I simply listed the studies supporting the conclusion that is the slide's title. TBH, I don't recall whether I mentioned Lutrell et al. when giving the talk, but if I did, I'm sure I would also pointed out the study represents an undeclared conflict-of-interest on the part of the senior author.
LOL. Yes, the author asked for and accepted our loaning him a pair of cranks for the purposes of his doing this study and didn't mention that. Such a conflict. LOL.
 
Jun 1, 2014
385
0
0
Re:

FrankDay said:
So, here is a new study trying to replicate Lutrell. http://www.researchgate.net/publica..._using_uncoupled_cranks?citationList=outgoing
Objectives: Uncoupled cycling cranks are designed to remove the ability of one leg to
assist the other during the cycling action. It has been suggested that training with this
type of crank can increase mechanical efficiency. However, whether these improvements
can confer performance enhancement in already well-trained cyclists has not
been reported. Method: Fourteen well-trained cyclists (13 males, 1 female; 32.4 ± 8.8
y; 74.5 ± 10.3 kg; Vo2max 60.6 ± 5.5 mL·kg−1·min−1; mean ± SD) participated in this
study. Participants were randomized to training on a stationary bicycle using either an
uncoupled (n = 7) or traditional crank (n = 7) system. Training involved 1-h sessions,
3 days per week for 6 weeks, and at a heart rate equivalent to 70% of peak power
output (PPO) substituted into the training schedule in place of other training. Vo2max,
lactate threshold, gross efficiency, and cycling performance were measured before
and following the training intervention. Pre- and posttesting was conducted using
traditional cranks. Results: No differences were observed between the groups for
changes in Vo2max, lactate threshold, gross efficiency, or average power maintained
during a 30-minute time trial. Conclusion: Our results indicate that 6 weeks (18 sessions)
of training using an uncoupled crank system does not result in changes in any
physiological or performance measures in well-trained cyclists.
Many of you will note that they show "no difference". Of course, there are differences but they just don't reach the P<.05 level of significance.
For instance: Gross efficiency in the PC group improved from 19.7 to 20.9 (a 6% improvement) while the control group improved from 19.8 to 20.3 (a 2.5% improvement). This difference only reached the 0.25 level of significance. So, there is a 1 in 4 chance this difference is due to chance or a 3 in 4 chance (75%) the differences are real.
Then, time-trial power. The PC group improved from 284 to 298 watts (5%) while the control group improved from 274 to 281 watts (2.5%). This difference only reached the 0.125 level of significance.
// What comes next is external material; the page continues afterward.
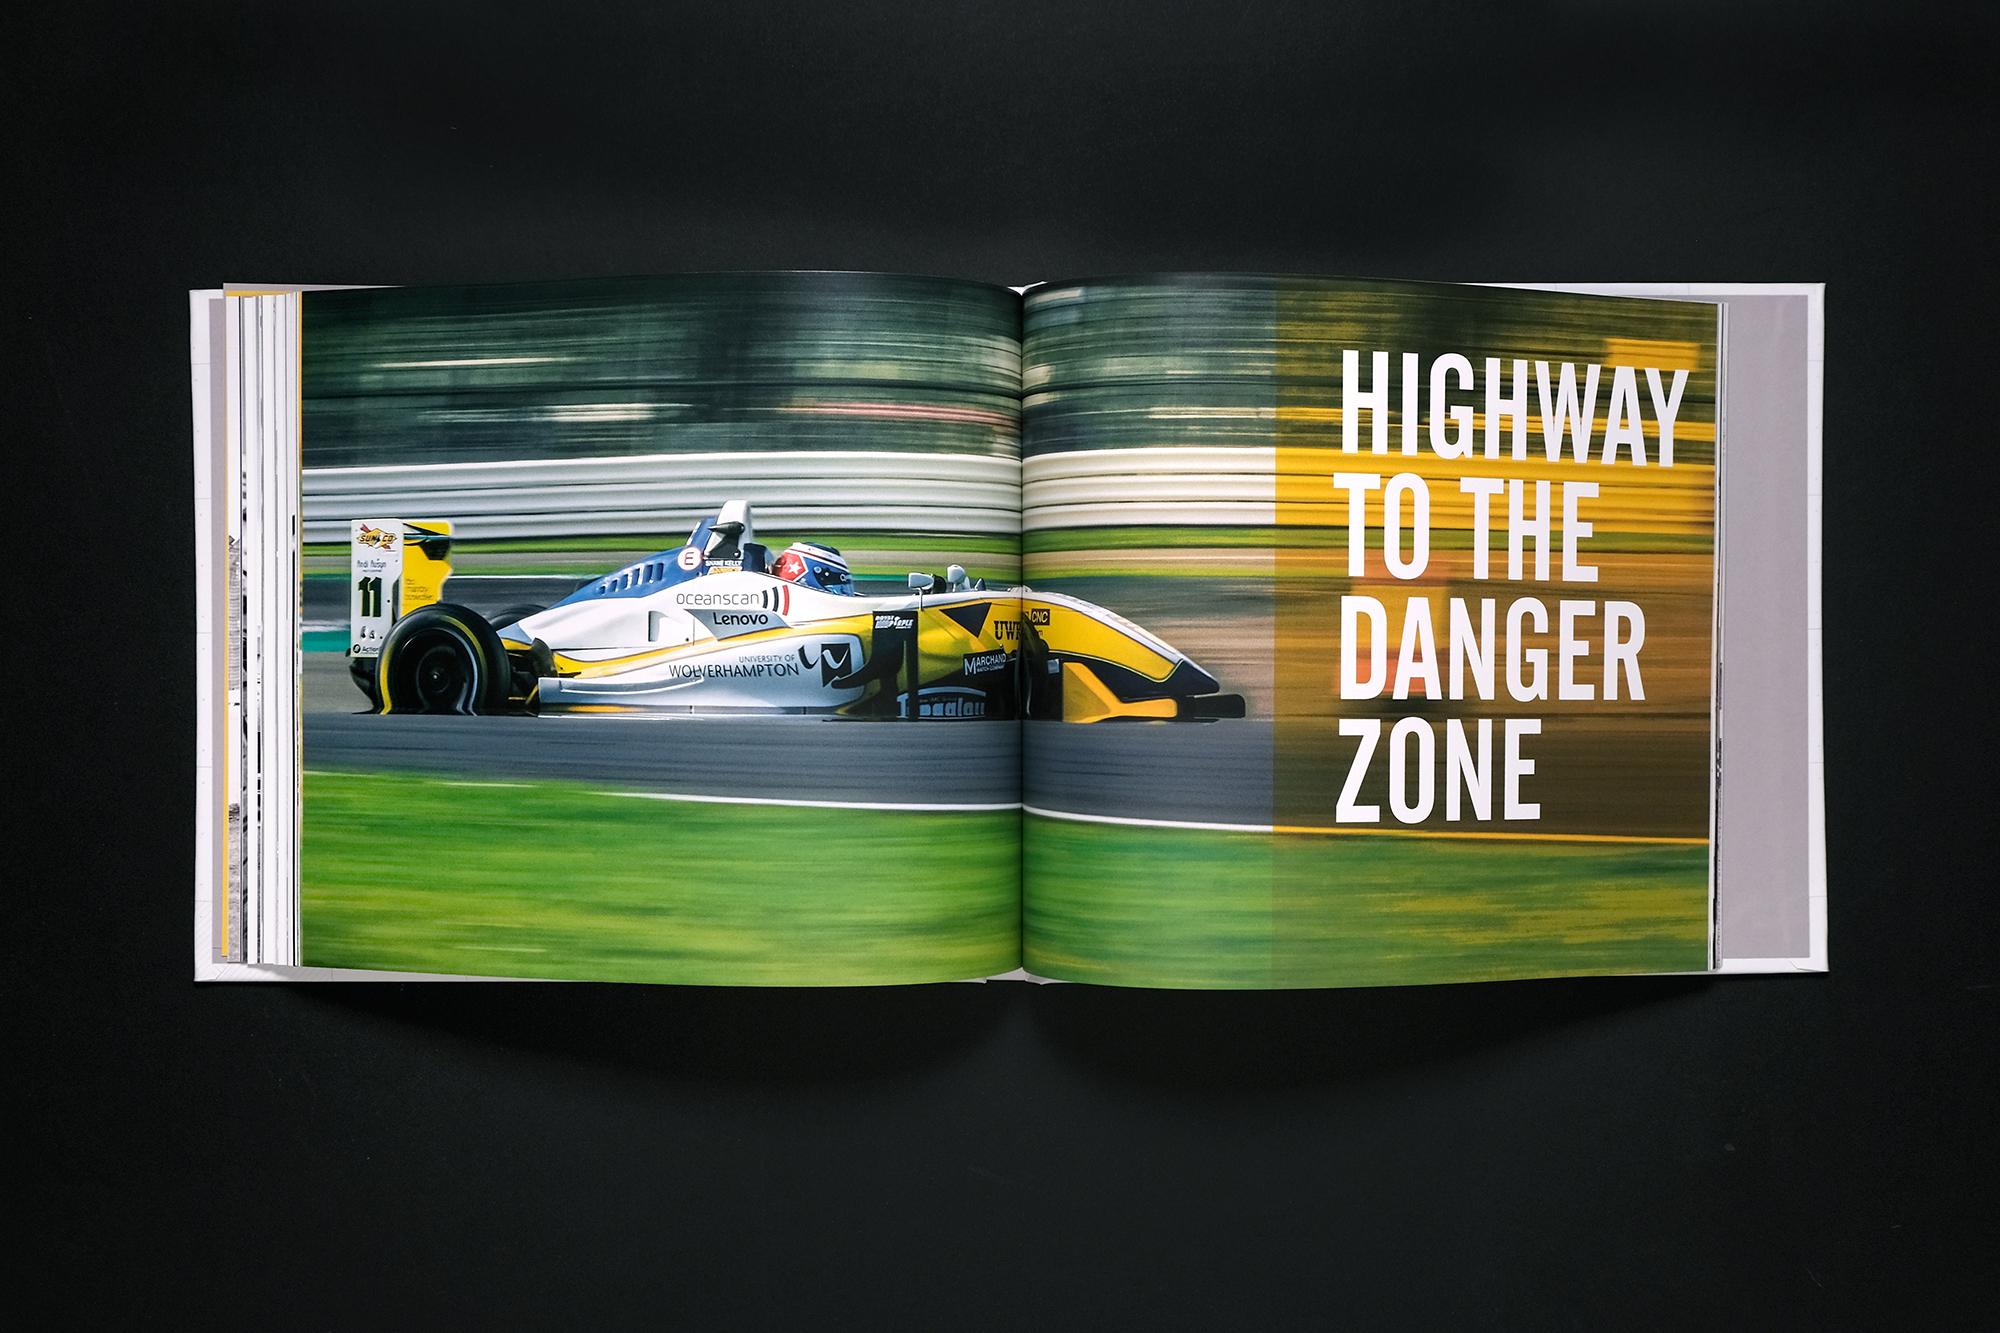 http://rusyndesign.co.uk/wp-content/uploads/2020/04/UWR-19-book-shots-19.jpg

So, there is a 1 in 8 chance this difference is due to chance or a 7 in 8 chance (87.5%) the differences are real.

Most of the uncoupled cranks studies that have "failed" to show a difference look about the same, there being a trend to showing a difference but not reaching the scientific standard of 0.05, or a 1 in 20 chance the result is due to chance so the author is forced by convention to say he found no difference.

As the authors of this study wrote in their discussion: "The lack of effect of training using uncoupled cranks on GE is in contrast to that of Luttrell and Potteiger. A potential reason for these disparate results may be related to the participant recruitment criteria."

So, here is the problem with interpreting these studies. Here we have a study in which the PC group shows an increased improvement in efficiency over the control group that has a 75% chance of being a real change. And, the PC group has an increase in power over the control group that has an 87% chance of being real. Yet, because the results don't reach the 95% chance of being real, that scientists have generally agreed is required to be shown before someone can claim their study to have shown a difference, Fergie and others feel free to state that PC's have been "proven" to be a failure and a fraud when, in fact, the data suggests the exact opposite. This scenario is pretty much the case with every study that has looked at the PC's, the trend is there but they don't reach the p<0.05 level so the author concludes, rightly for a scientific paper, the data shows no difference. The problem it seems is it is difficult to show this difference, especially in experienced cyclists, in only 6 weeks.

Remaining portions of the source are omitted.